New Jersey’s state loan program currently totals at $1.9 billion. The borrowing conditions for these loans are some of the strictest in the country. Repayment of these loans cannot be adjusted based on income and borrowers who are unemployed or facing other financial hardships are given few breaks. Interest rates for these loans are also higher than those offered by similar federal programs. Upon failure to repay the state issued loans, New Jersey can garnish wages, rescind state income tax refunds, and revoke professional licenses without needing court approval. The Authority’s tendency to sue borrowers and their families has increased by approximately 16% since 2010, with 1,600 suits filed in 2015.
The state run loan program has extraordinarily stringent repayment rules and few reprieves, even for when the borrowers have died. For example, after her sons murder in 2015, New Jersey resident Marcia DeOliveria-Longinetti was contacted regarding his student loans. His federal loans were written off after an administrator was informed about her son’s unfortunate demise. However, the New Jersey state lending agency, Higher Education Student Assistance Authority, refused to follow in the federal lender’s footsteps. In a letter sent to Mrs. DeOliveria-Longinetti the agency offered its condolences but demanded that monthly payments still be made because she had co-signed her son’s loans.
In recent years, the Authority has intensified its collection efforts and has become increasingly aggressive. In one case, a 26 year old college graduate was forced to declare bankruptcy after his student loan payments crippled his financial well-being. In a separate case, the Authority filed four simultaneous lawsuits against a 31 year old paralegal after she fell behind on her payments. The Authority also refuses to forgive or suspend payments even when the federal government has chosen to do so. One consumer was sued by New Jersey for his inability to pay his student loans after being diagnosed with Hodgkin’s lymphoma and being laid off by Goldman Sachs. While the federal government allowed him to suspend his payments, New Jersey sought nearly $266,000 in payments and seized his state tax refund.

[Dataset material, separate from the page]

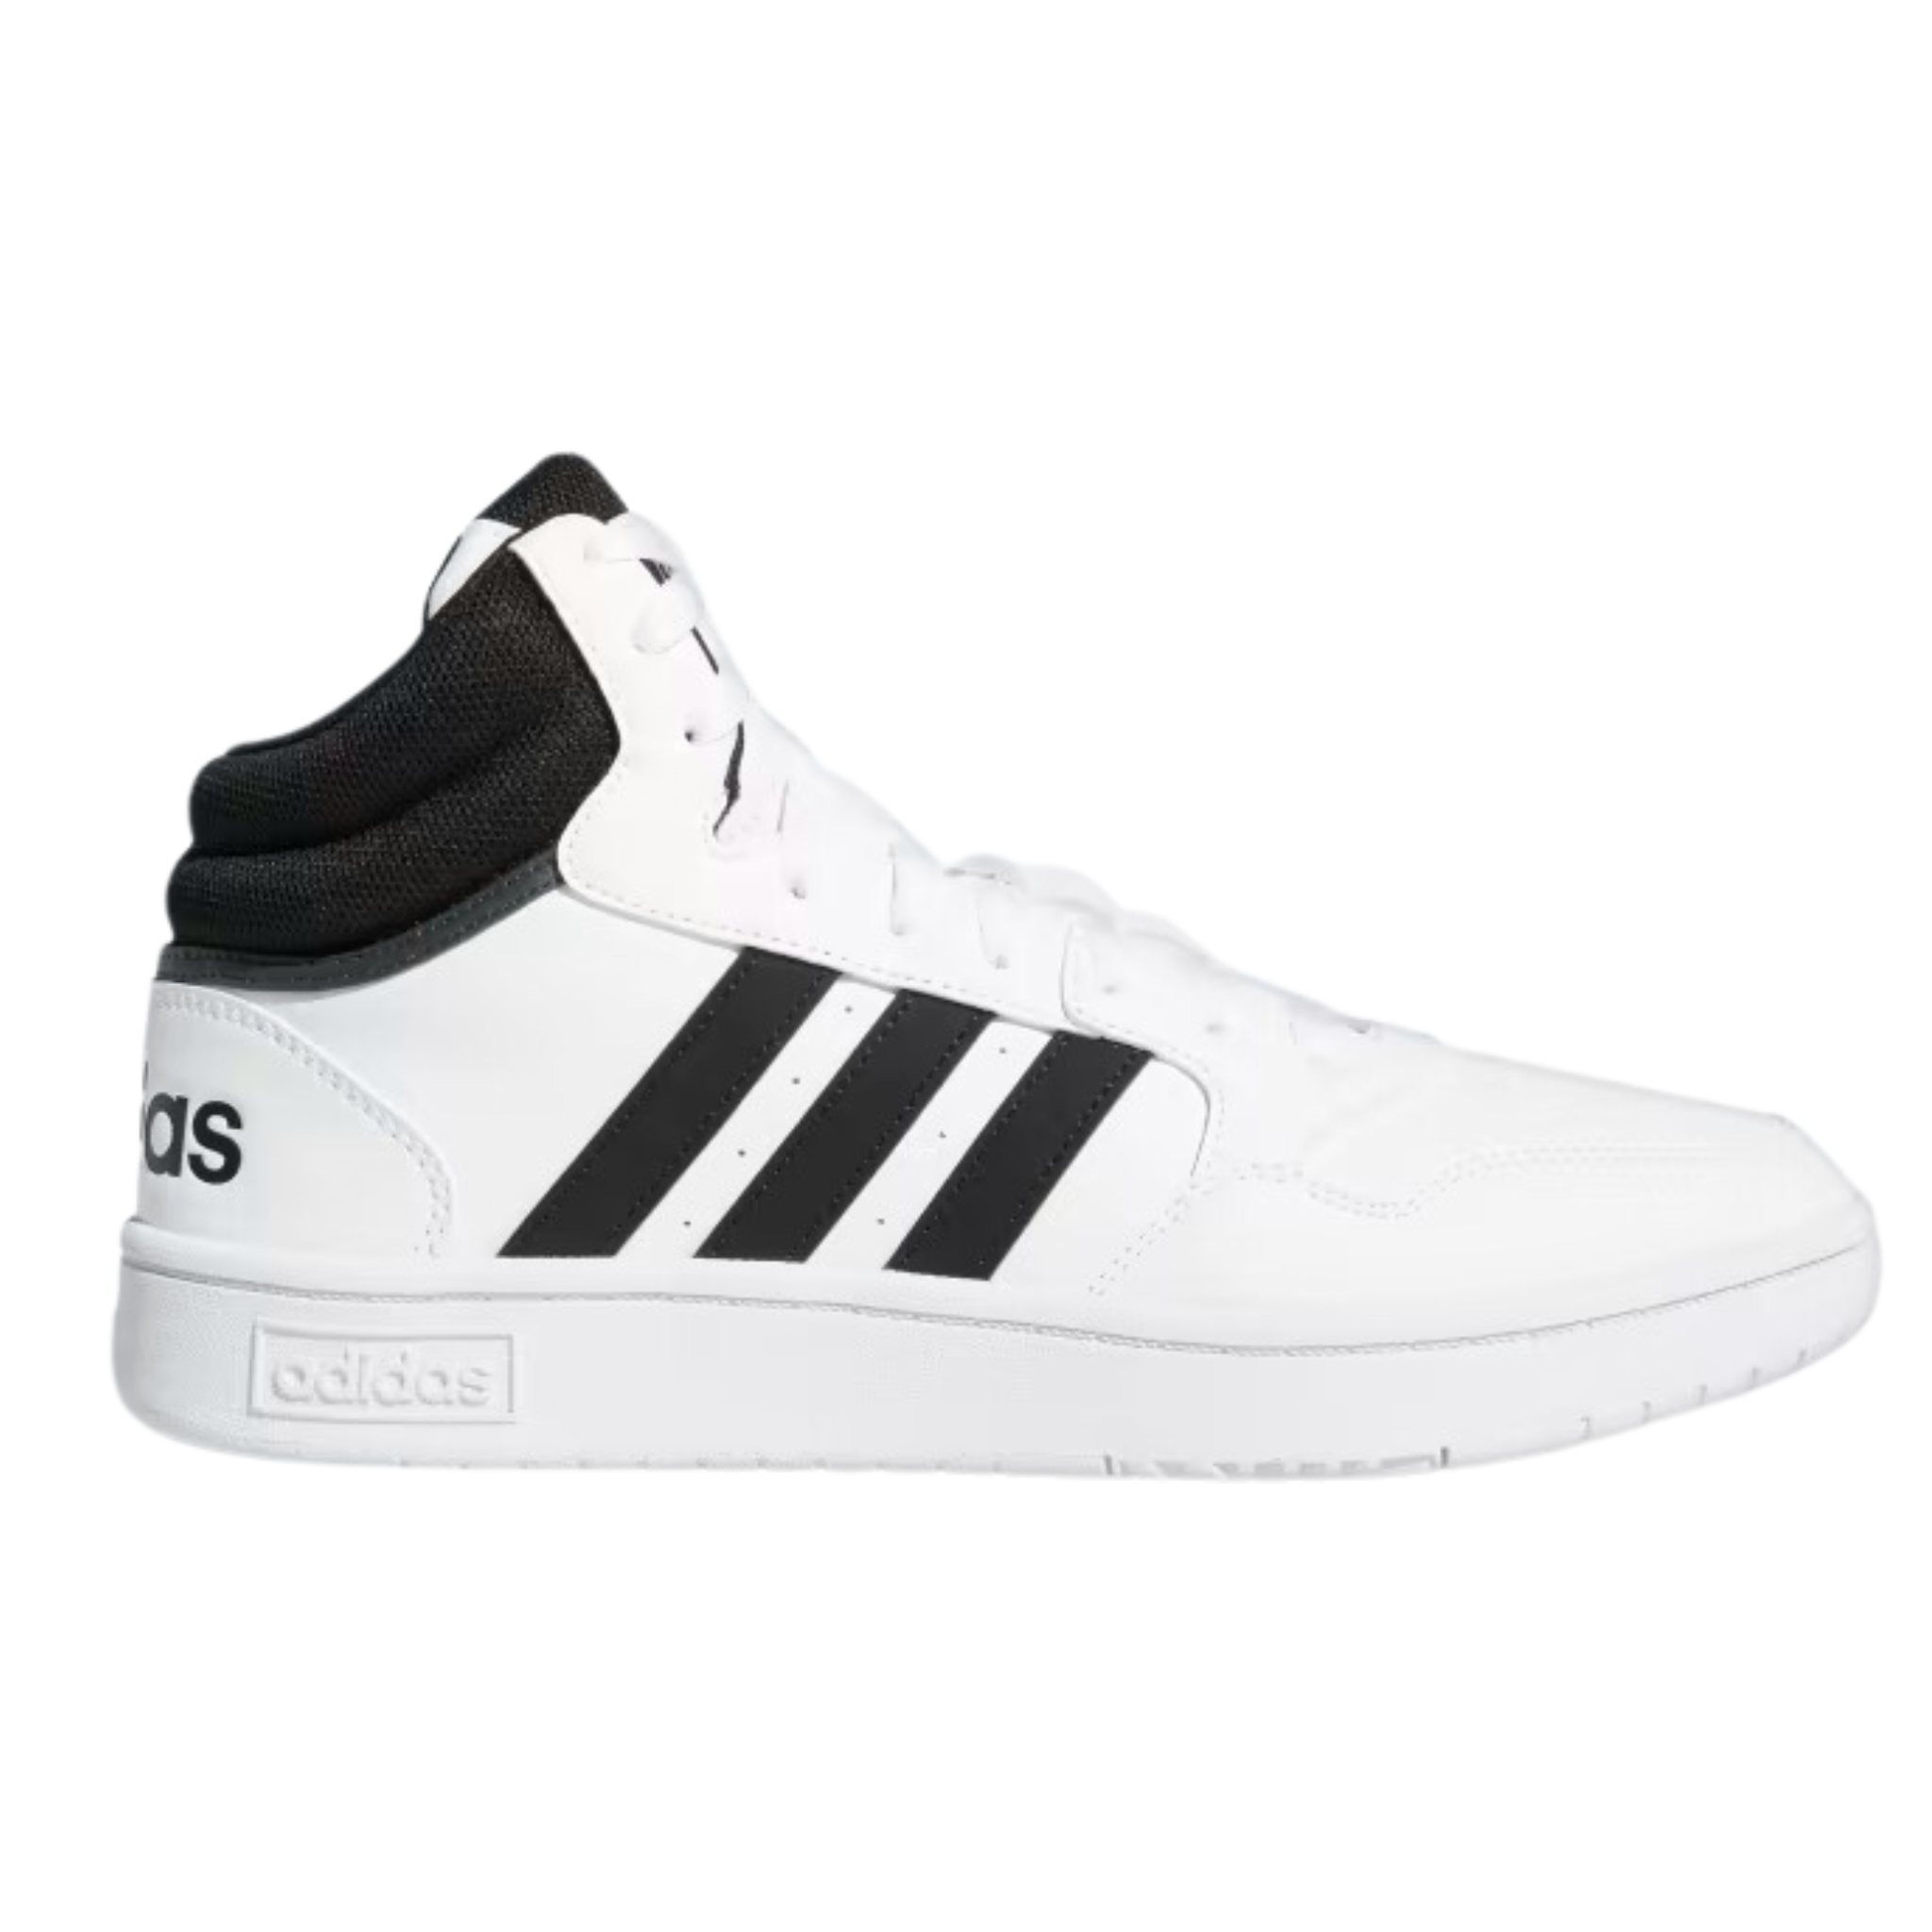 Up To 60% Off adidas Summer Sale

Following decades of using the states as middlemen for federal student loans, Congress and the Obama administration decided to eliminate the state’s role in federal lending in 2010. This decision followed several scandals including New Jersey where an agency was found to have engaged in a $2.2 million kickback scheme. The federal government now lends directly to students. However, in the years leading up to the end of the federal program, New Jersey greatly expanded its state loan program. From 2005 to 2010, loans from the agency tripled to nearly $343 million per year even though college enrollment and tuition did not reflect the same growth. In the years that followed, New Jersey reduced its loans by half. The state still maintains an outstanding portfolio valued at approximately $2 billion.
In response to New Jersey’s controversial student loan program, the New Jersey State Senate is set to hold a hearing on August 8 to discuss the state’s student loan agency and its collection practices The hearing will be led by State Senator Robert Gordon and State Senator Sandra Cunningham. Additionally, the Senate Higher Education is expected to consider a bill that would direct the state loan agency to forgive student loans in the event of a borrower’s death.